Tuesday, July 24, 2012

Dilemma of an Indian Expat in the Middle East


I often try and pull myself away from the minutiae of my daily life to look at the bigger picture. However, being a creature of habit and routine and with my days filled with quotidian rhythms this does not happen too often.

 
But when it does, I try and figure out what and where I want my life to be a few years down the road. It goes without saying that the view is murky in the extreme, but what is more frightening is the fact that caught where I am on the crossroads of two worlds, it is extremely difficult to even know what "to" want. Let me re-emphasize the word "to". I deliberately did not say what "I" want! The winds of change are blowing hard across the Globe, and I think that they will be reaching gale force soon. We are like flotsam caught in the inexorable push and pull of huge tidal forces.

 
Based here in the Middle East, it feels (to me) like the center of the world - not in the sense of any pre-eminence, just that it is perfectly situated between the West and the East. I delude myself into thinking that it provides me with a unique perspective. Positioned between the Developed and the Under-Developed Geographies, between the Ageing and the Younger Populations, between the Mature and the Frontier Economies. But also on the fault line between the Clean and the Polluted, between the Sparsely-populated and the Over-populated, between the Sophisticated and the Rough, and between the First World Welfare States and the Third World Developing Countries.

 
My head starts to swim with questions that seem to pop up out of nowhere and everywhere.
So where should we go from here? I feel like we are caught between a rock and a hard place or more pertinently (like) people scared of heights stuck midway up a steep slope, wherein one can neither go ahead nor climb down.
Should I encourage my children to look West, and forever sever any ties they have to their identities and their homeland?
Or would it be better to mentally prepare them to look only East, knowing in my heart that a growing economy is no guarantee of a better quality and standard of living?

 
On the one hand
As the world's economic might shifts to the Third World, a lot of the Immigrants to the West, will start facing the heat, as jobs and money gets tighter.
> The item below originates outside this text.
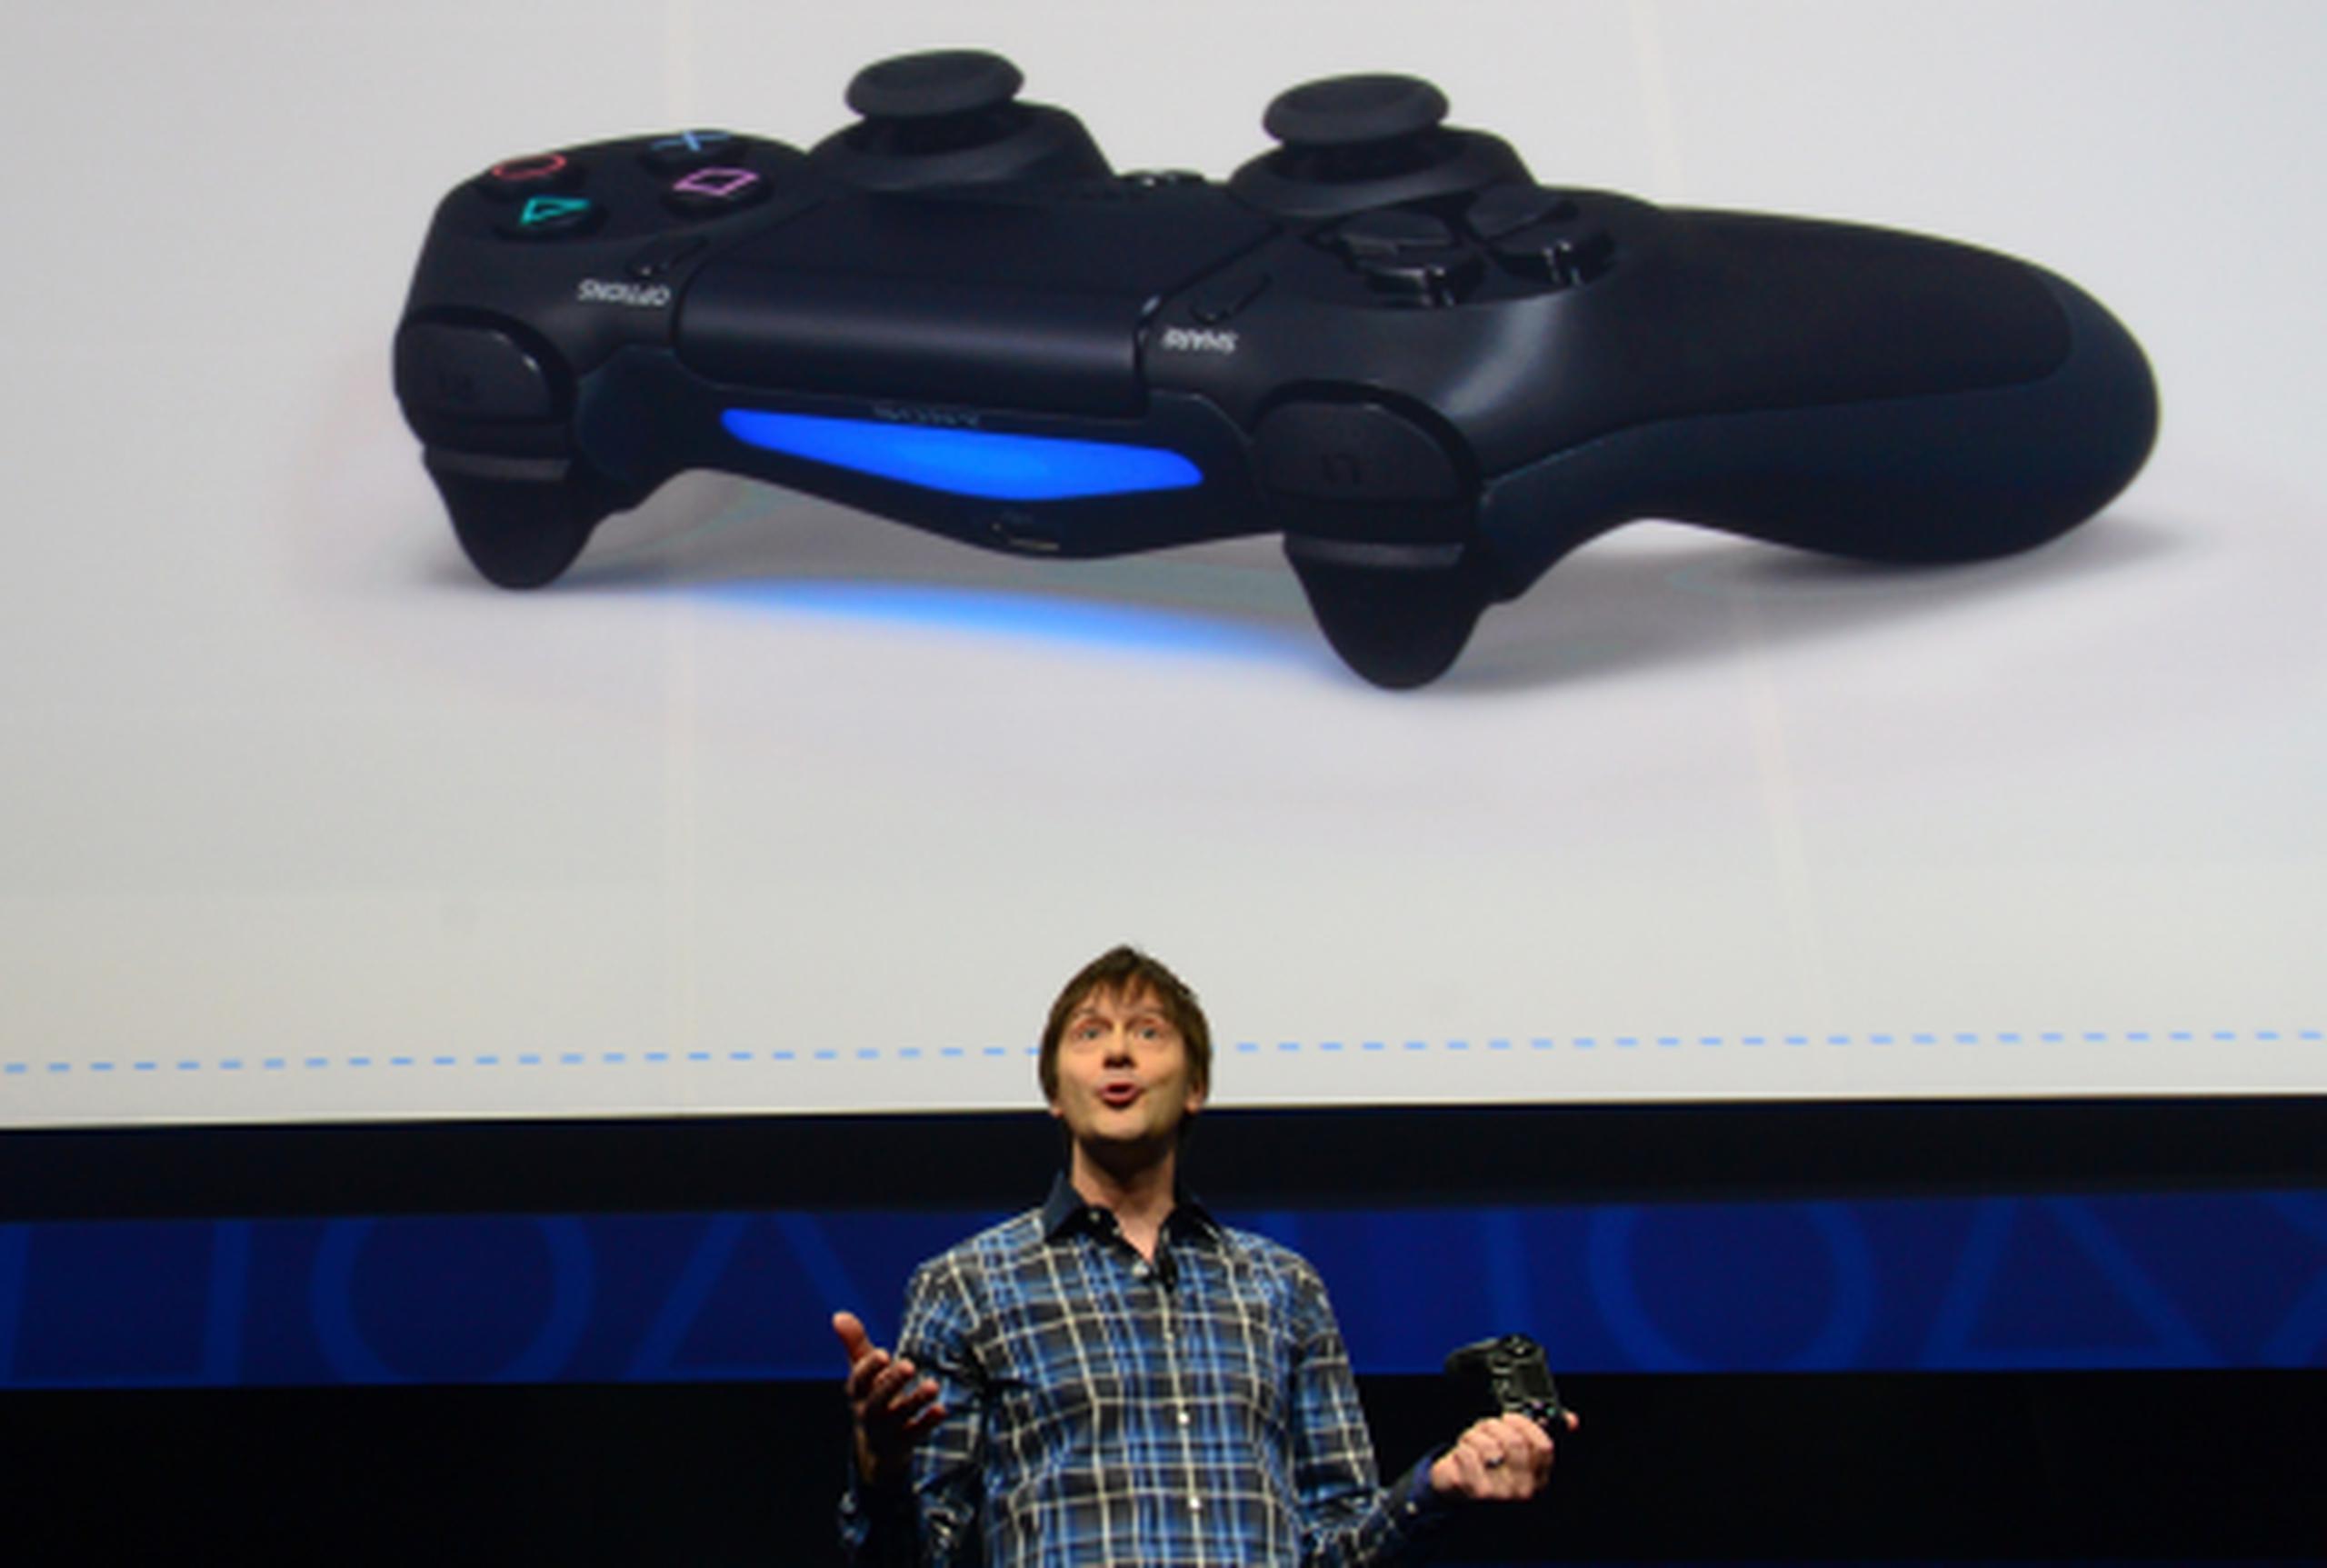 Entre las novedades del PS4, hay un control mejorado que incluye una superficie sensible al tacto y un botón para "compartir". (AFP/Emmanuel Dunand)

Those Governments will have no choice but to protect the rights and the jobs of the "native" populations. Even if not overtly stated, the undercurrents of racism and discrimination will make life a bit less idyllic, as the economic climate cools.
Will countries like Canada and Australia which today seem welcoming, feel the same to an immigrant a few years hence?
Will the specter of racism ever diminish, or will it only be exacerbated by the collapsing paradigm of Western Economic might and infinite growth?
How long can and will the West keep printing money to keep their people happy, before their economies implode, with all the consequences that follow?
Even if their wealth is welcomed, will the people themselves from China and the Sub-continent, who might act and look boorish and unrefined, be welcome?
And will it not be worse for their children, who get assimilated into their borrowed homeland and lose their native identity, when they come face to face with the consequences of deep rooted prejudices?
For how long will the ingrained disdain of the East be masked by the West's desperation to survive?

 
On the other hand
Can we go back to the conditions that we came from and our children have never seen?
Will we be able to adapt to a culture and philosophy that is circular rather than linear?
How can one adapt to a place where nothing works as it should, and even if we can adapt, will we be happy?
Are we looking back to our homeland because we do not want to get out of our comfort zone, or will the reality of the familiar actually embrace and shelter us?
Can we be content in a place that cannot provide its people basic amenities, and every day is a battle for survival?

 
Positioned here on the Lagrange point of two opposing civilizations and cultures, one looks both ways to find answers. In this place which professes to be the melting pot of more than a hundred and fifty Nationalities and many diverse cultures, it becomes evident that if one strips away the superficiality of forced inclusiveness, the words West is West and East is East, and never the Twain shall meet, rings quite true.


 
So many questions and I have not thought the half of them. And an infinite range of answers to each! It makes my head swim! But the incessant drumbeat of Time is only accelerating, as my son now stands positioned to leave the roost. As he strains on the leash to be let go, the urgency of seeking answers gets strident.

 
Then I hear, in my mind, my In-Laws oft repeated refrain, that I think too much. I try and control too much of what cannot be controlled. Life will take care of itself, and in the process answer most of these questions.

 
The question 'then' is - will the answers be palatable?